LC, she is a client who came from a psychiatric clinic where she received a lot of mistreatment two years ago, she came to a sheltered residence and we offered her a healthy and respectful bond, very hopeful about her skills and talents so we managed to change her from a residence to the sheltered home, we believed in her that she could be in an environment with less supervision, with more freedom and autonomy, Then we offered her to be part of an expert peer certification, where her mission is to be a co-facilitator with members of the primary health team to do talks about stigma, she accompanied me in talks for university students about the expert peer experience, today she got a job, after years of social exclusion, she was baptised and it was a celebration of the whole network. Her dream of recovery is to keep her job and live on her own. Today she feels recovered.
The recovery model emphasises building support networks beyond health professionals. What role do families and communities play in the success of this model? working with families is a challenge, the families that are present are available to reflect on Recovery, but most do not have a family and the network seeks to contain this absence with presence and this new hopeful language. I believe that the institutions and the neighbourhood community have shown sensitivity to social inclusion and we notice it when we ask them for help to promote autonomy in everyday issues: the fair, the mass, the school, the neighbours. The family and community are invited to be part of the recovery.

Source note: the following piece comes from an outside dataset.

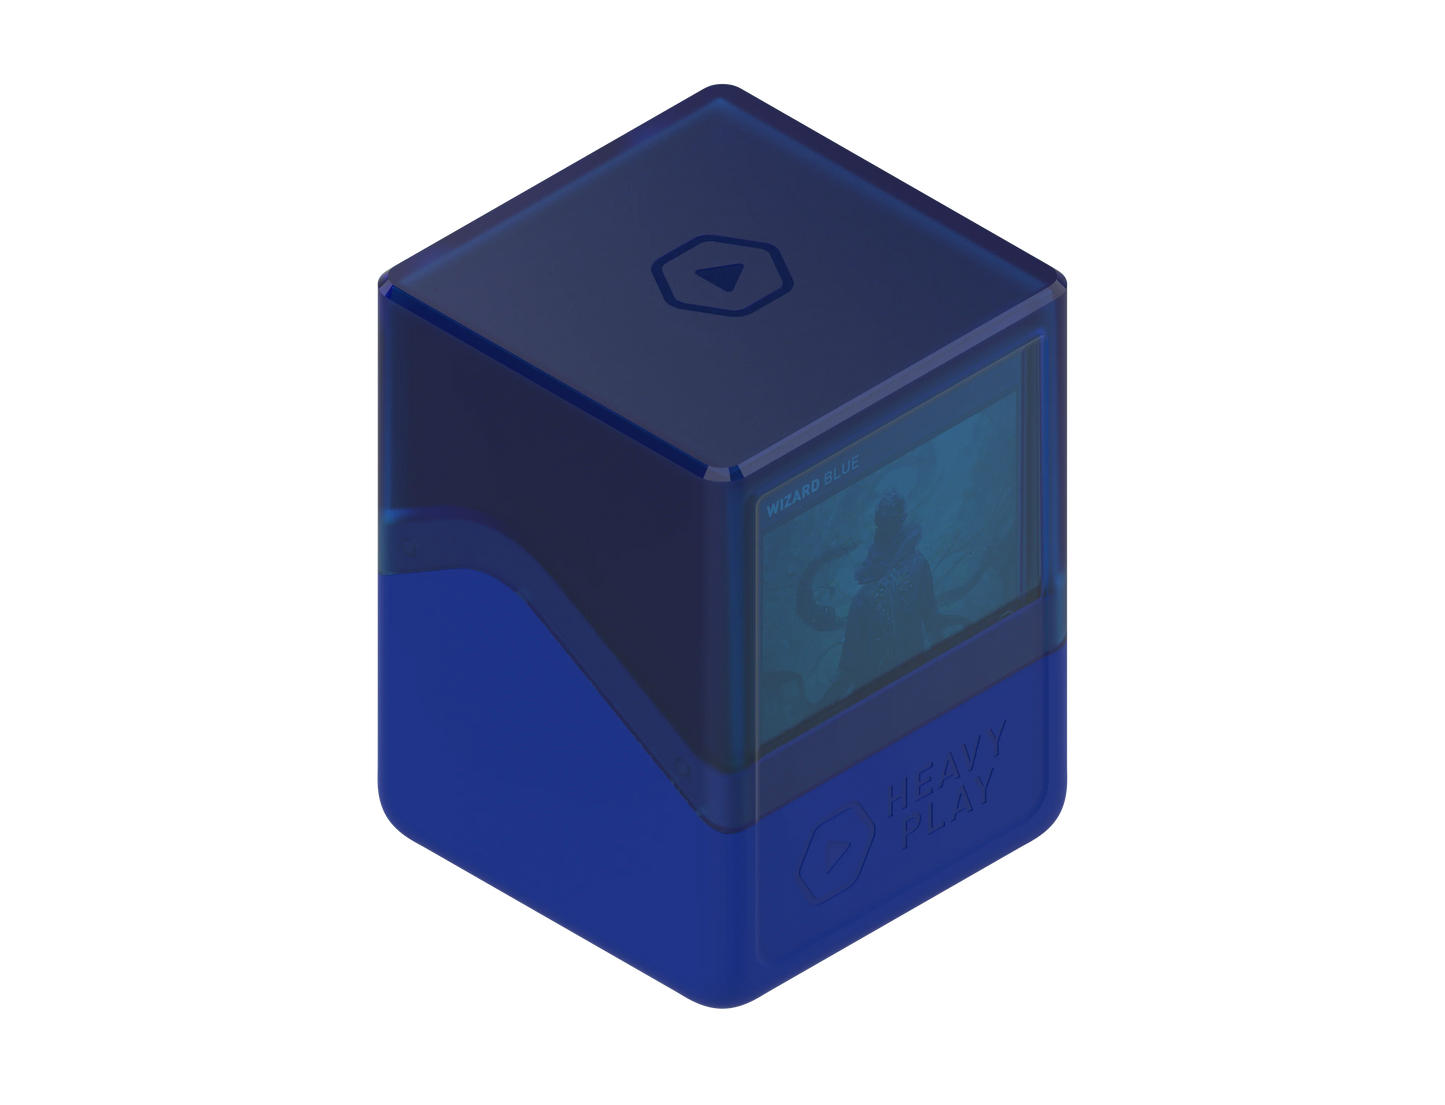 RFG Deckbox - Wizard Blue

Spirituality is an important component of the Hospitaller Sisters’ charism. How is the spiritual dimension addressed in the context of the recovery model?
The Recovery principle of hope I think is the meeting point with the Hospitaller charism, because it makes it easier to connect with personal and collective purpose, to have faith that there is something more, that we can ask for help to achieve what we want. The story of the founding sisters is super inspiring to believe in our dreams and if we do it with others, it is a lighter path.
Finally, looking to the future, what innovations or improvements do you think could be incorporated into the recovery model in the San Benito Menni Mental Health Network?
To continue improving community care? today we are improving training in the care and recovery model, reflecting and changing practices, the users, the community of sisters and the team of professionals are aligning themselves, but the challenge is the caregivers, that they can find meaning in their daily work, that their way of relating to the users is part of the recovery experience.